Sunday, March 2, 2014

Roadblocks to widespread use of computational science

I'm writing this post as I'm in the middle of a problem set for my Machine Learning class.  I have a few seconds to write a blog post because I have to reconfigure applications, compilers, and various source code to do this problem set.  This is frustrating to me.

I don't claim to be a computer scientist.  I'm really a biologist; I was trained in that field, and I use the tools of Computer Science to investigate biological questions (e.g., about community structure, extinction risk, dynamical systems in ecology, etc.).

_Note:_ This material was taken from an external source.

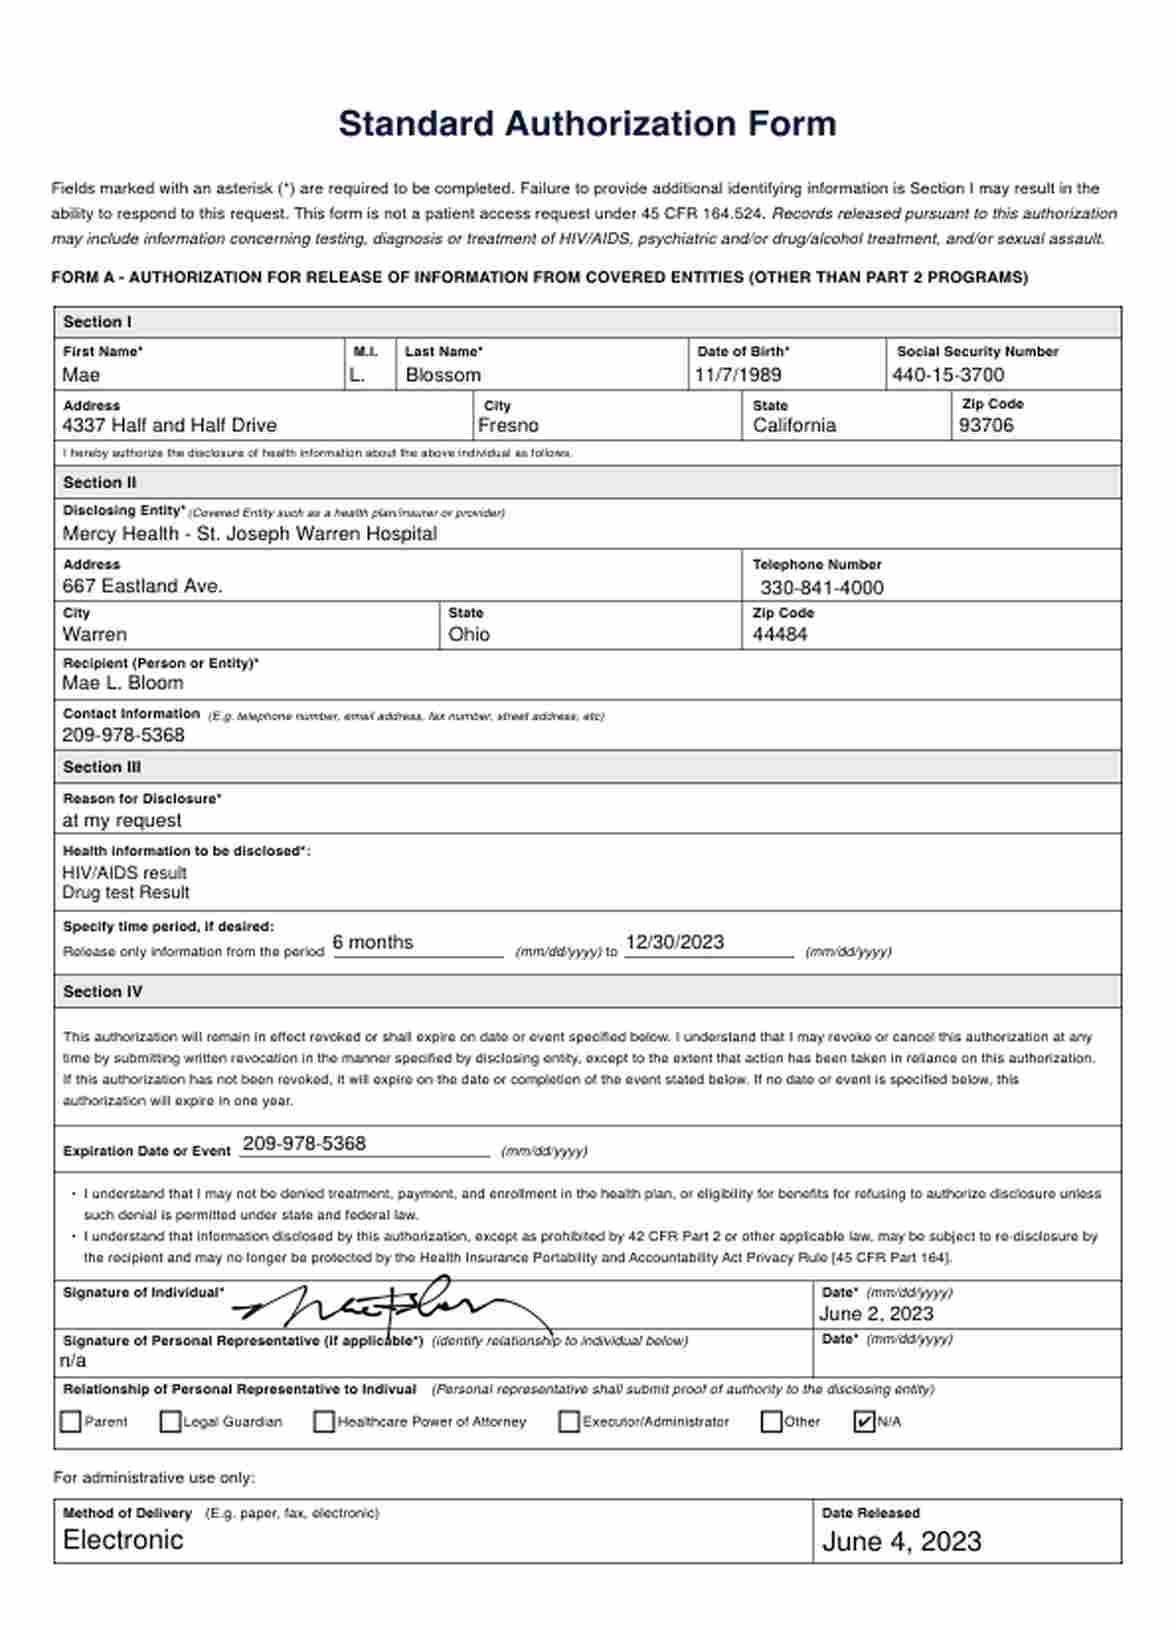 HIPAA Release Form Ohio PDF Example

However, I like Computer Science. It lets me do great things, like simulate evolution many thousands of times, explore the outcome of stochastic processes, and make good predictions about what our null expectations in ecology should be.  I use Python, Matlab, and R pretty regularly, and I can make my way around a Unix command line (slowly).

So here is what frustrates me: computer scientists want to build tools that will help scientists in other fields, but with little understanding of what the background set-up work looks like -- to non-computer scientists, especially! -- in order to use these "black box" functions.

Right now, I'm implementing libsvm, a package that works in Matlab, Octave and Python to produce Support Vector Machine models.  This package purports that it is easy to use; one of the developers' goals is for libsvm to be accessible to scientists with any kind of data set.

Here's the catch: to get this package to work, I've spent several hours reading StackOverflow posts and blog posts, trying to run the install program for libsvm from within Matlab, getting error messages, google searching, trying to use the command line ('brew install gnuplot' etc.), crying, digging into the source code of another SVM program (the built-in Matlab svmtrain), calling a friend, and finally figuring out a solution.  So, here's my solution: a classmate pointed me towards a blog post that will allow me to download libsvm onto my Mac.  All this requires is updating my Xcode compiler (and, of course, updating command line tools within Xcode), and downgrading to Matlab 2012a.  Then, if I follow the directions exactly, I should be able to get this "easy" package to work.



It seems doubtful to me that many non-computer scientists are going to have the patience to use support vector machines if this is the best we can do.  I'm not making a normative argument about whether or not black-box algorithms or data analyses are useful or good for science.  But, if computer scientists want to continue to make claims about creating software that will help other fields advance, software that is easily accessible and can be used "out of the box," there need to be some changes.

Maybe it's time for Computer Scientists to team up with marketing or communications departments.  I've noticed that everyone from Comcast to Ikea has very good user-interfaces these days.  If we truly are working towards a revolution in computational sciences, we need to take usability into more serious consideration.